▶ [REQUIRED ACTION]:
Transcribe all records exactly; omit pictures.

▶ [MATERIAL PROVIDED]:

# # # # #

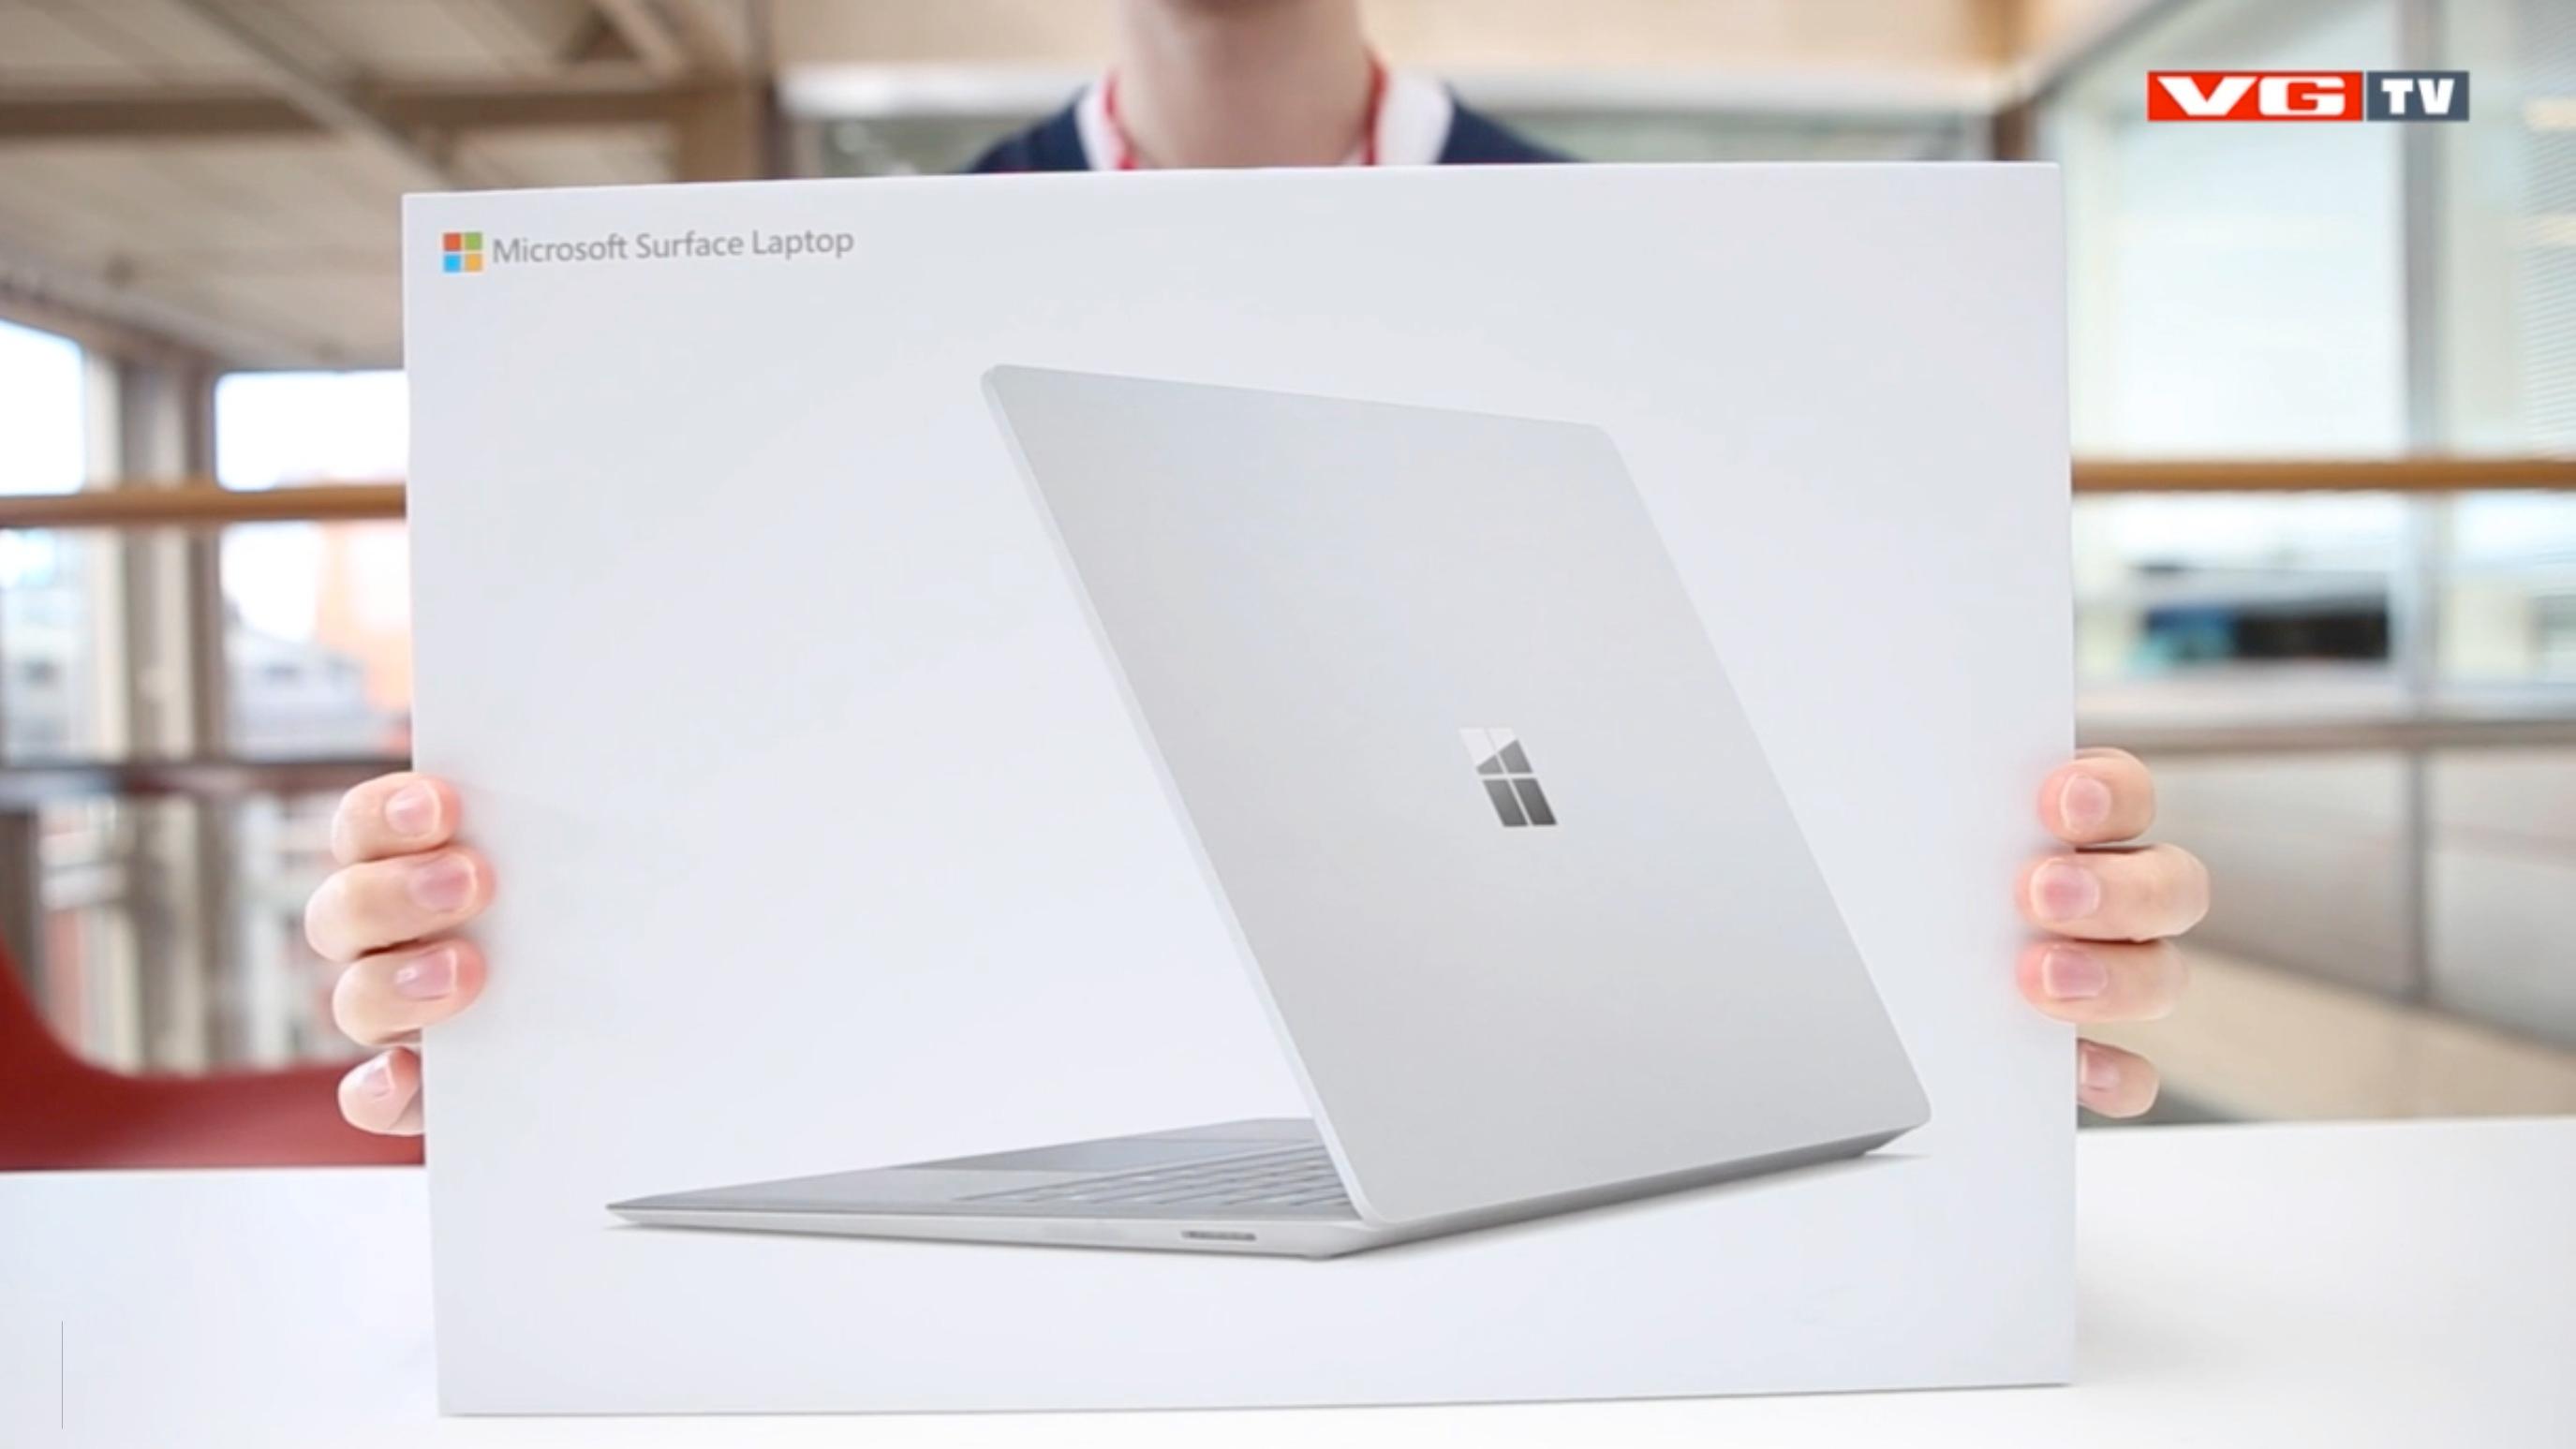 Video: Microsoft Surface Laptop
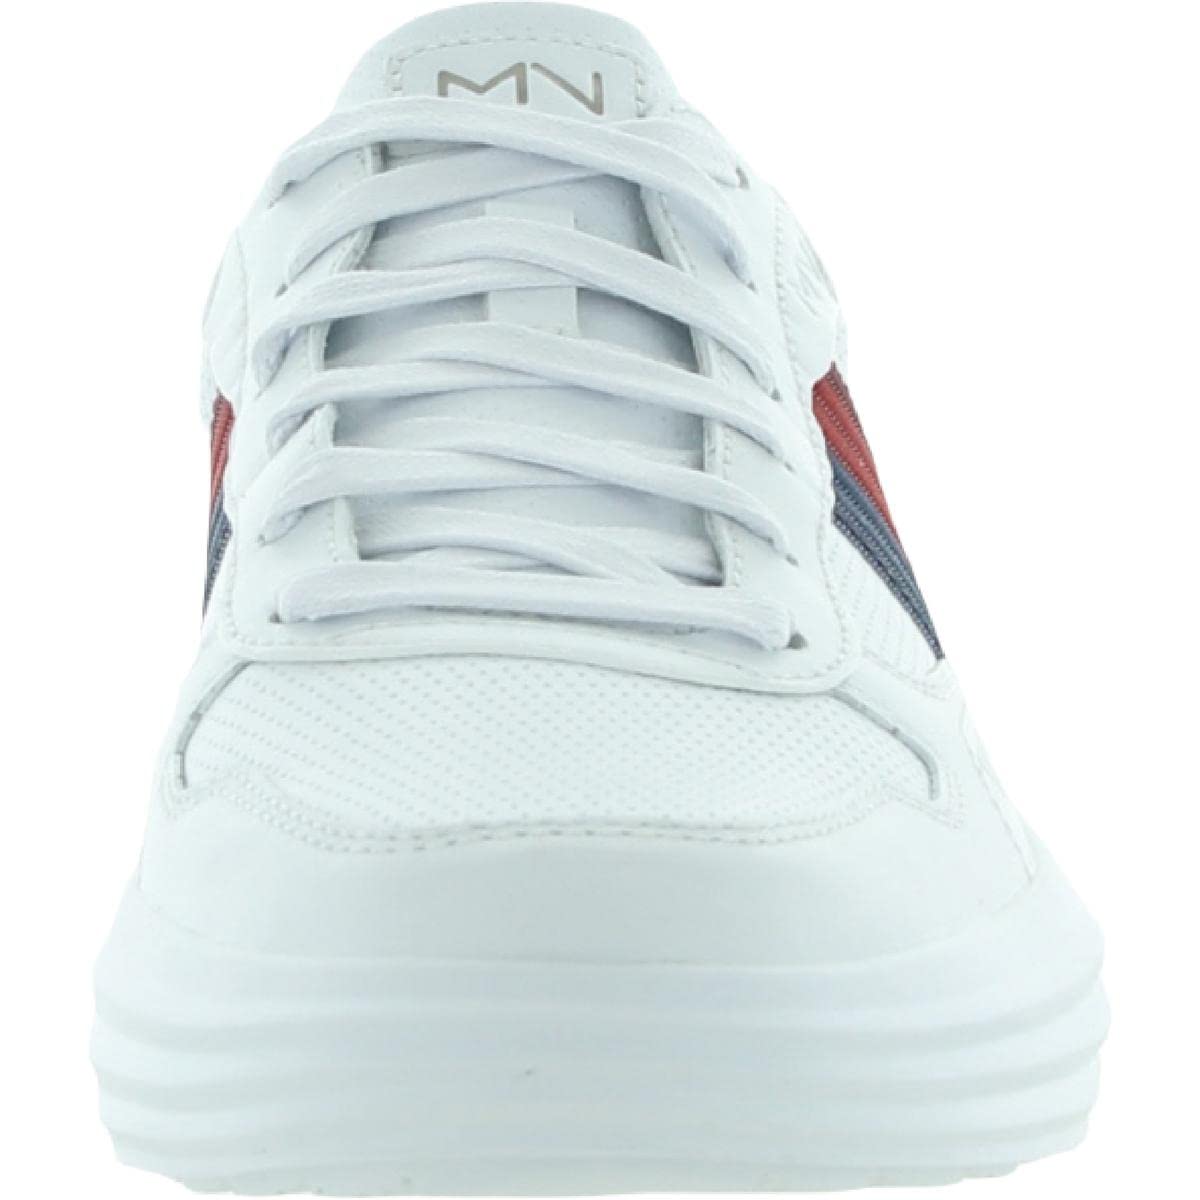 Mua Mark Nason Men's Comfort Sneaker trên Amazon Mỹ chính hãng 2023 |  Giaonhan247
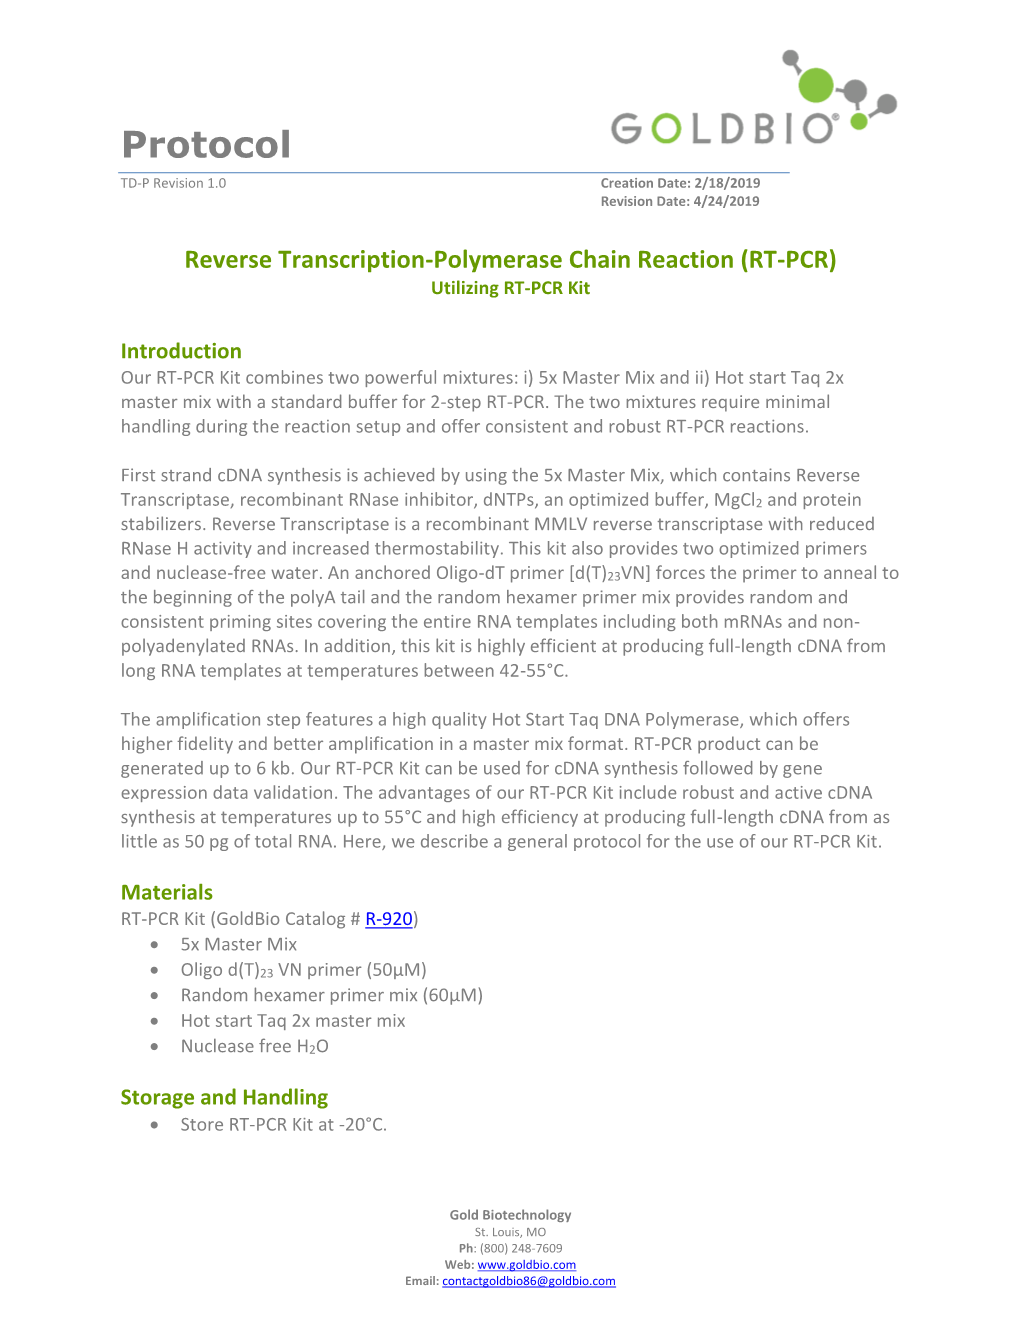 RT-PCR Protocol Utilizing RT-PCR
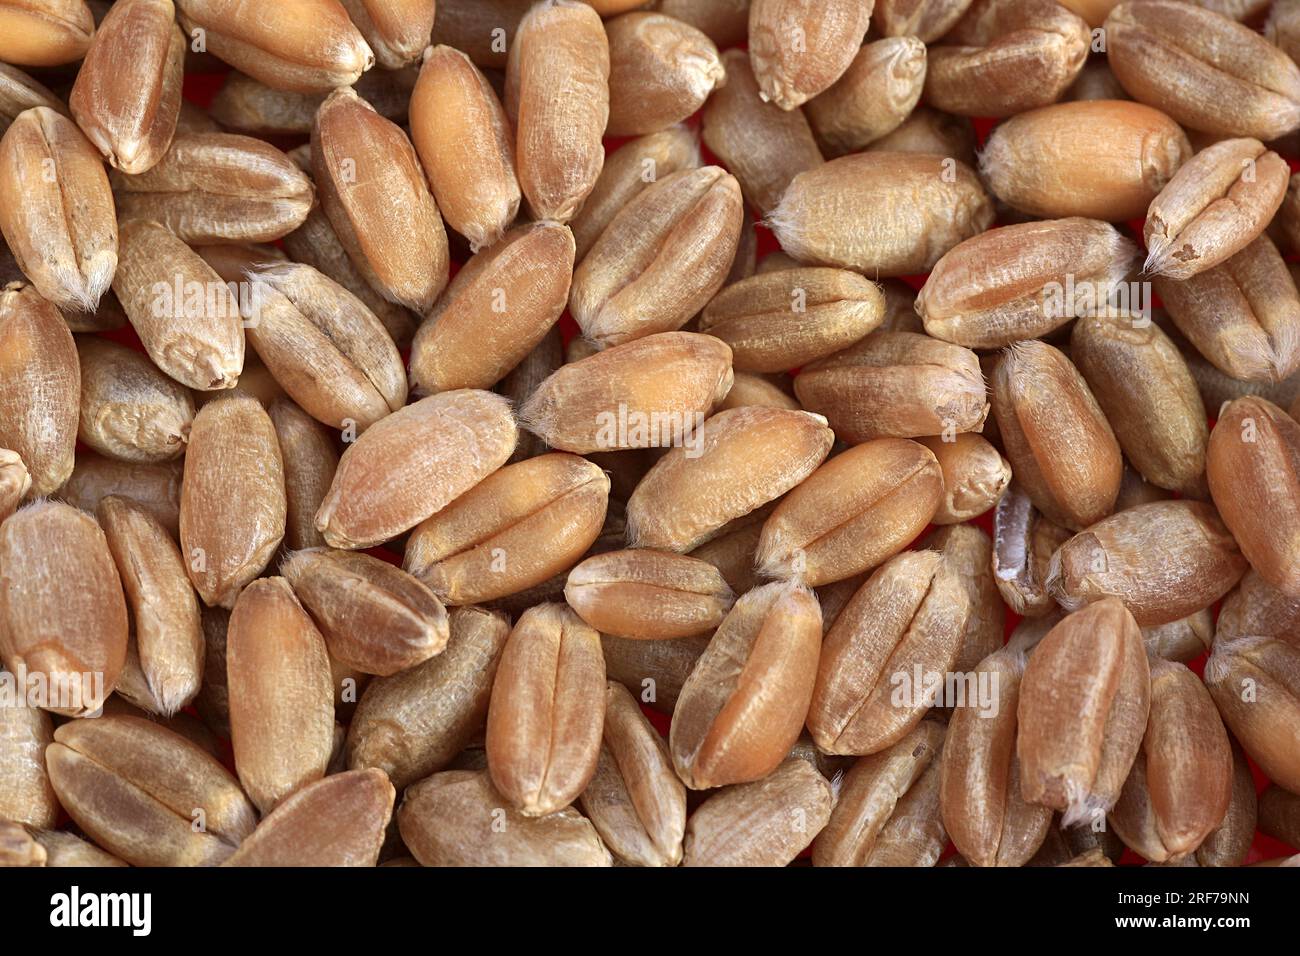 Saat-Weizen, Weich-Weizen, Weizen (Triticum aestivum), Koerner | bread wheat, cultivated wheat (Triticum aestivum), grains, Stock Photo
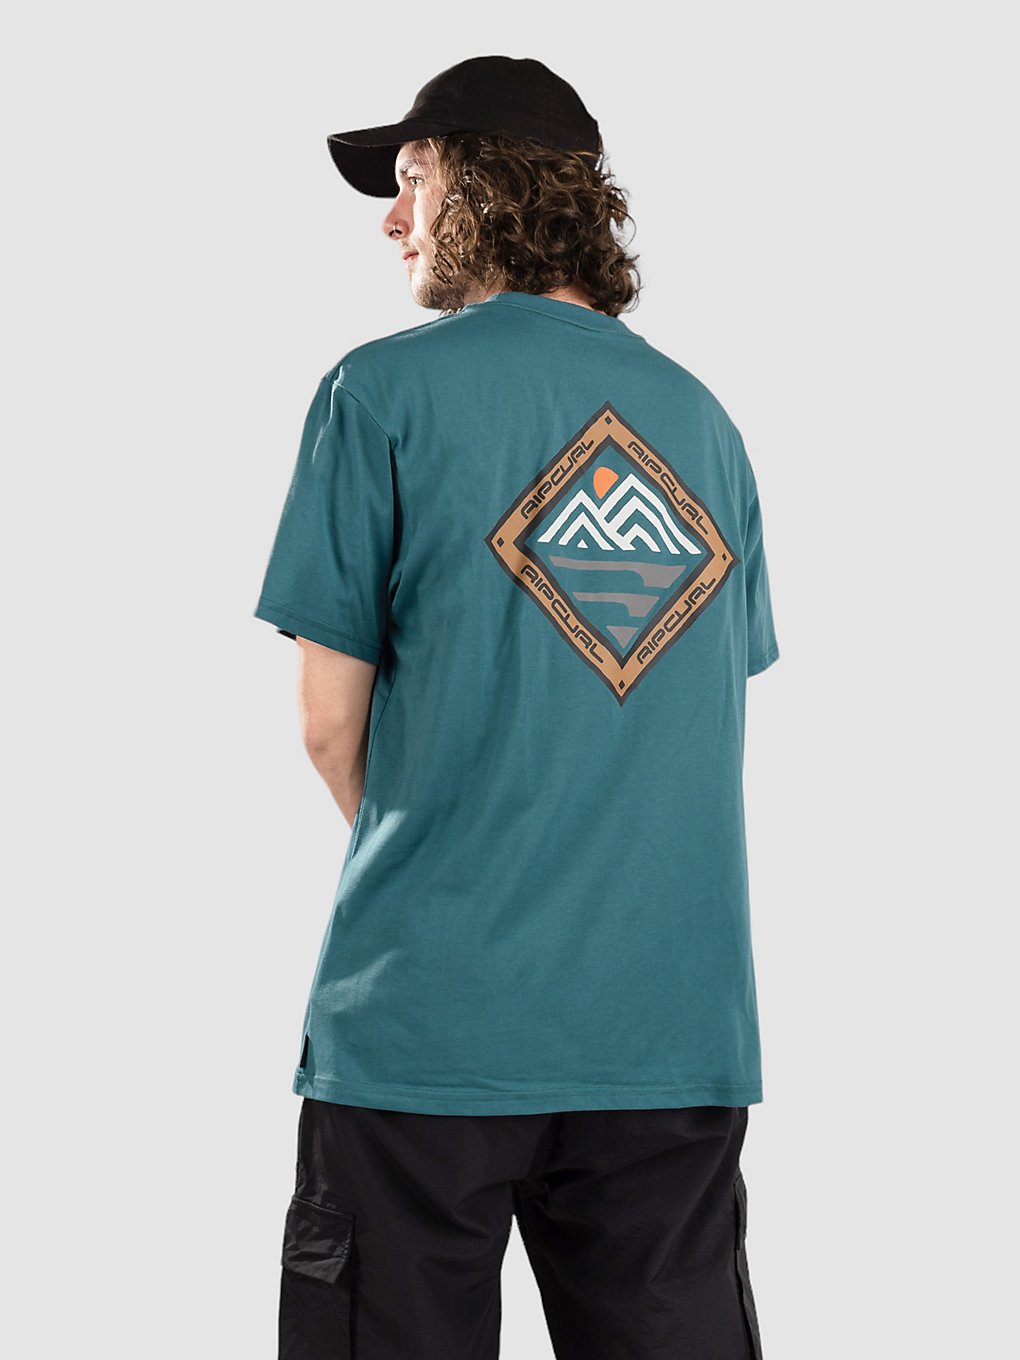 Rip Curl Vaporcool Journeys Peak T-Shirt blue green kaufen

# # # # #

▶ [EXERCISE SOLUTION]:
 Video: Microsoft Surface Laptop
 Mua Mark Nason Men's Comfort Sneaker trên Amazon Mỹ chính hãng 2023 |  Giaonhan247
 RT-PCR Protocol Utilizing RT-PCR
 Saat-Weizen, Weich-Weizen, Weizen (Triticum aestivum), Koerner | bread wheat, cultivated wheat (Triticum aestivum), grains, Stock Photo
 Rip Curl Vaporcool Journeys Peak T-Shirt blue green kaufen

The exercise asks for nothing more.